Настали белые ночи. Феликс начинал читать после ужина, спохватывался, когда внизу на улице не оказывалось ни единого человека, только занавески дышали в открытых окнах домов напротив. Ему полюбилась пьянящая свобода: с ночным чтением, недосыпанием, неторопливым утренним кофе, романтическим одиночеством. Из книг Феликс выносил не столько знания, сколько ощущения. Чужие мысли, идеи накладывались на собственные переживания. Картина мира становилась фантастической.
Из книг Феликс знал: всё истинное приходит вместе со страданием. Читая русских, начала нынешнего века, философов, он проникался необходимым и естественным для всякого образованного русского человека чувством вины перед народом. Но лишь умственно проникался. Страдания не было, хоть убей! Не было никакого страдания, когда утром в просторной кухне Феликс неспешно помешивал ложечкой кофе. Когда после школы шагал по Невскому, заглядываясь на девиц. Когда вечером провожал через сквер Катю Суркову. Когда белой ночью читал про Заратустру. Когда думал о родителях. О жизни. О собственном будущем. О чём угодно. Не было страдания, хоть убей!
«Может быть, я моральный урод? — думал Феликс. — Или давние категории неприменимы к нынешним временам?»
Он вспомнил, как однажды заговорил на эту тему с Клячко. «Хватит, старичок, настрадались, — усмехнулся Серёга. — Ты лучше радио послушай, газеты почитай. Всё хорошо! К коммунизму идём! Чего страдать-то?» Феликс подумал, если Клячко страдает, так из-за родителей.
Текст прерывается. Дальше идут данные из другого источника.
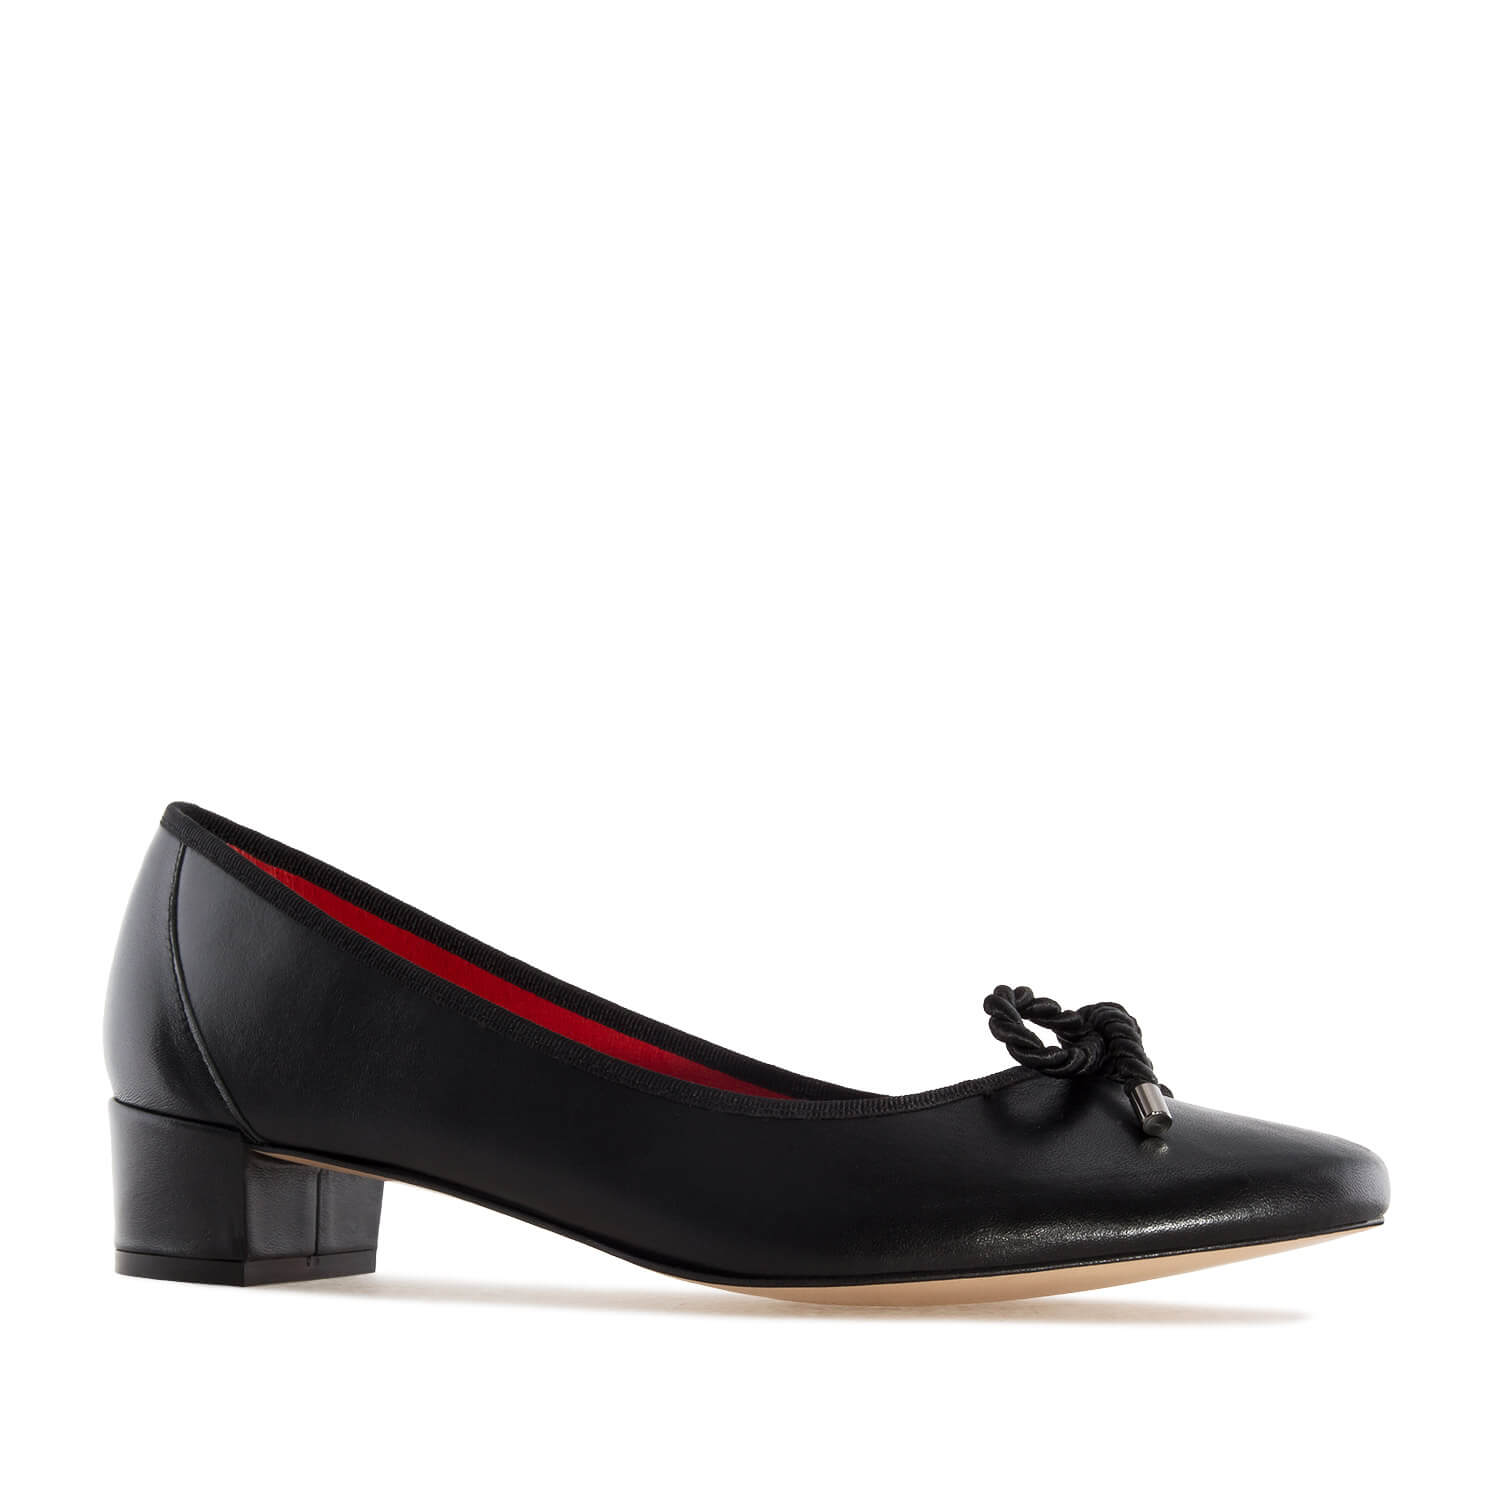 Reef Knot Black Leather Ballet Flats

Он и Феликсу не позволял разговаривать с ними. «Ладно-ладно, батя, мы потопали», — тянул Феликса из кухни, где за покрытым клеёнкой столом, в несвежей майке, в обрезанных валенках, Серёгин отец располагался после смены пить пиво. «Не надо, мать, это лишнее», — останавливал мать, когда та совала в прихожей Феликсу тёплый дышащий свёрток. «Как же лишнее, Серёнечка? — удивлялась мать. — Свеженькие, с картошечкой…» — «Не станут они с картошечкой, — злобно усмехался Клячко, — знаешь, какой они продукт из тайного магазина имеют?»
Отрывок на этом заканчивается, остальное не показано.